Enfin, il y a la situation dans les pays nouvellement touchés (c’est à dire le Sénégal, le Nigeria et le Congo même si ce n’est pas la même souche). Le Nigeria est 40 fois plus peuplé que le Liberia. Et même si je ne connais pas la densité démographique du pays, la porosité des frontières, la situation politique et encore moins l’impact que ça peut avoir sur la dissémination du virus. Je pense que s’ils perdent le contrôle dans ce pays, ce sera des besoins humains encore plus importants (et on ne fait pas des médecins à coup de milliard, il faut du temps) et une pression sur les autres pays encore plus forte au point que ce qui se passe actuellement au Liberia ne passe au final pour un épiphénomène.

Pour l’instant, au Nigeria, même s’il y a des couacs (un patient qui a fuit pour créer un nouveau foyer d’infection), on dirait qu’ils gèrent.

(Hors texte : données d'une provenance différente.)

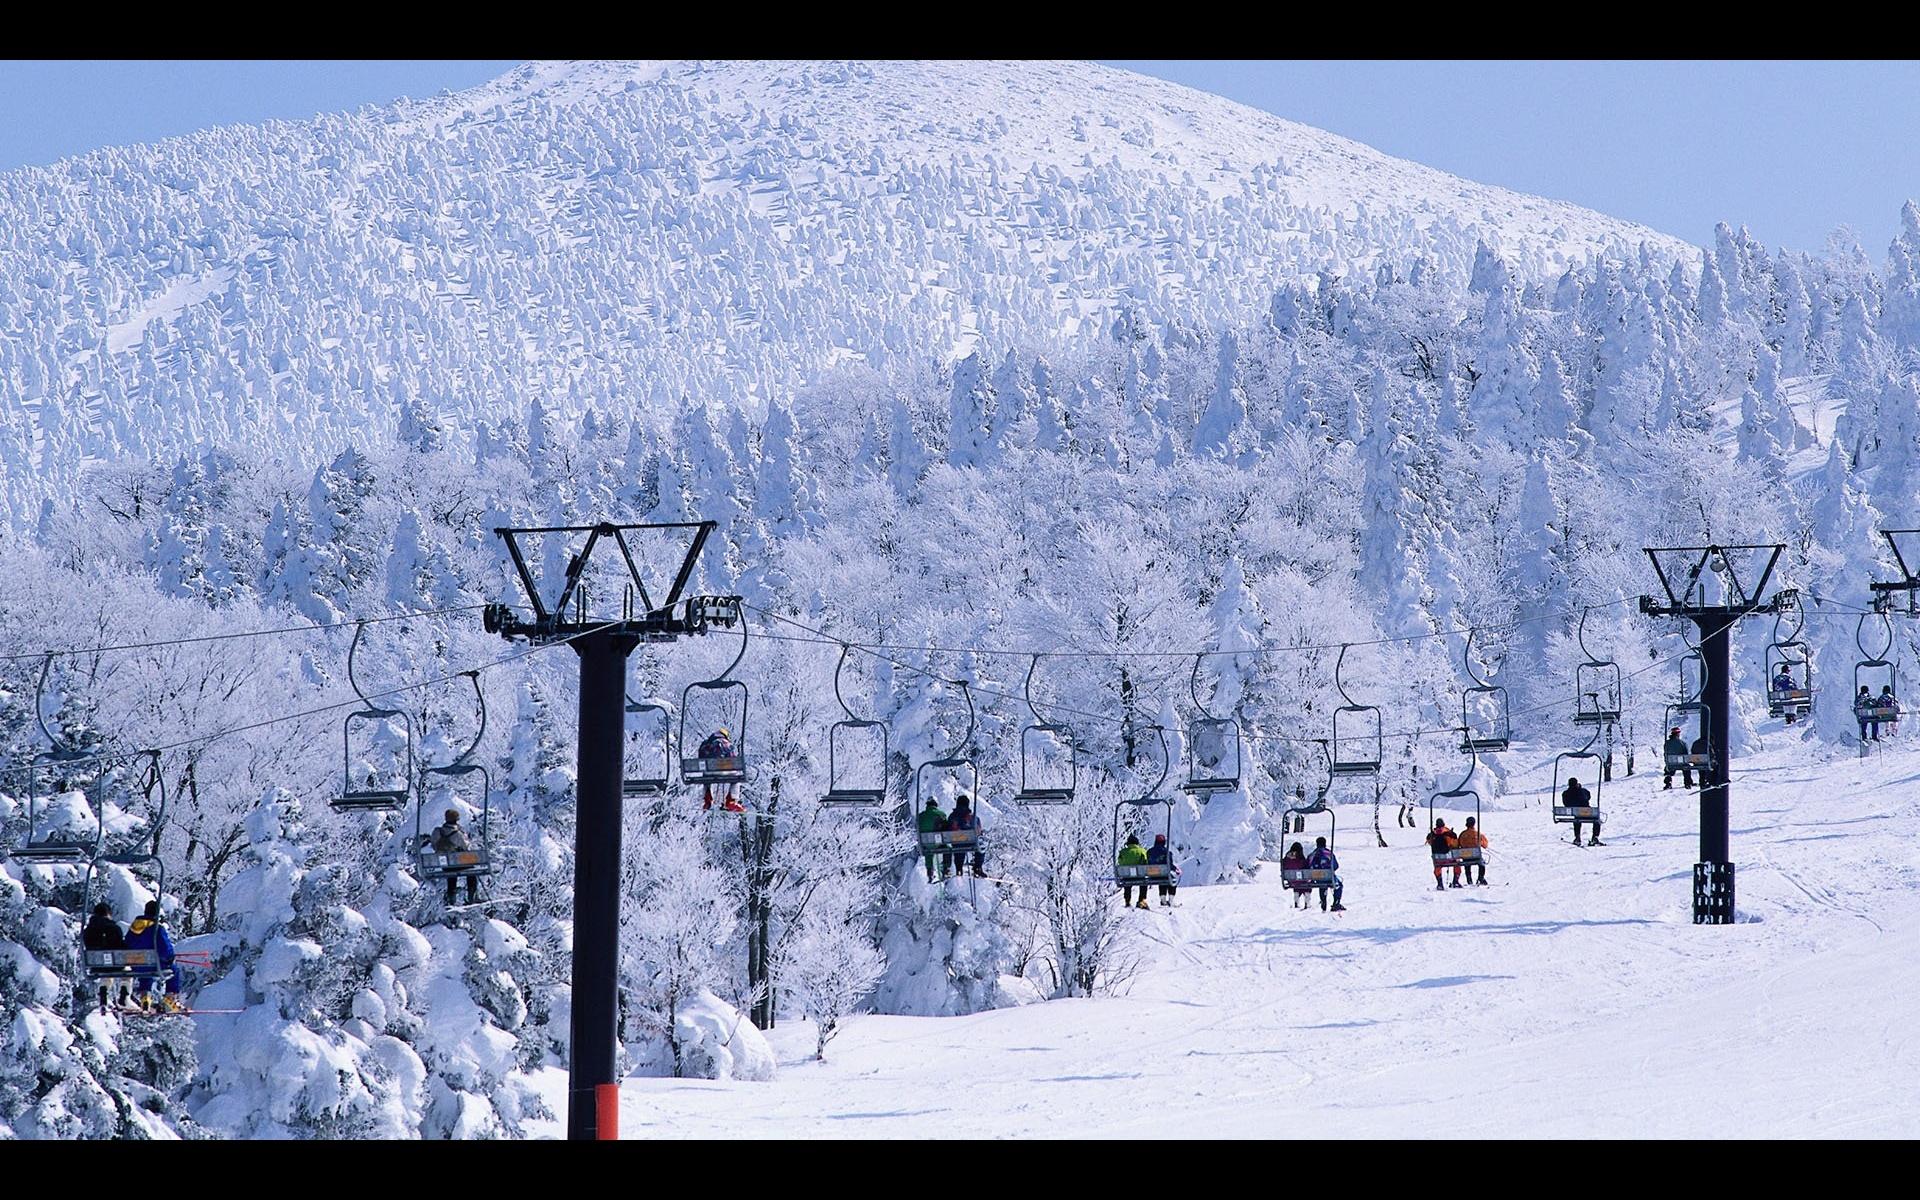 1920x1200 Ski Slope desktop wallpapers and stock photos 1920x1200

Pour conclure, je donne l’impression de beaucoup parler d’Ebola mais proportionnellement à la frénésie médiatique actuelle (cette phrase fait beaucoup référence à mon activité sur les réseaux sociaux), je me retiens. Je suis persuadé qu’il fallait paniquer quand j’en parlais au début, en mars-avril, ça aurait changé la donne. Maintenant, on ne peut qu’être spectateur. Malgré les cris et les pleurs sur le net, l’épidémie fait rage mais elle fait rage de la même manière que depuis début juillet.

Malheureusement, en Afrique de l’ouest rien de nouveau…

Disclaimer :

Je tiens à préciser que ce n’est que mon avis de passionné par le sujet. Mes diplômes me permettent à peine d’imaginer comment peut évoluer un tel virus peut évoluer au fil des ans (en supposant que les virus de plantes et d’animaux évoluent de la même façon) mais pas d’être catégorique pour commenter régulièrement l’actualité de l’épidémie d’Ebola. Je le fais quand même mais ne prenez pas mes propos comme parole d’évangile.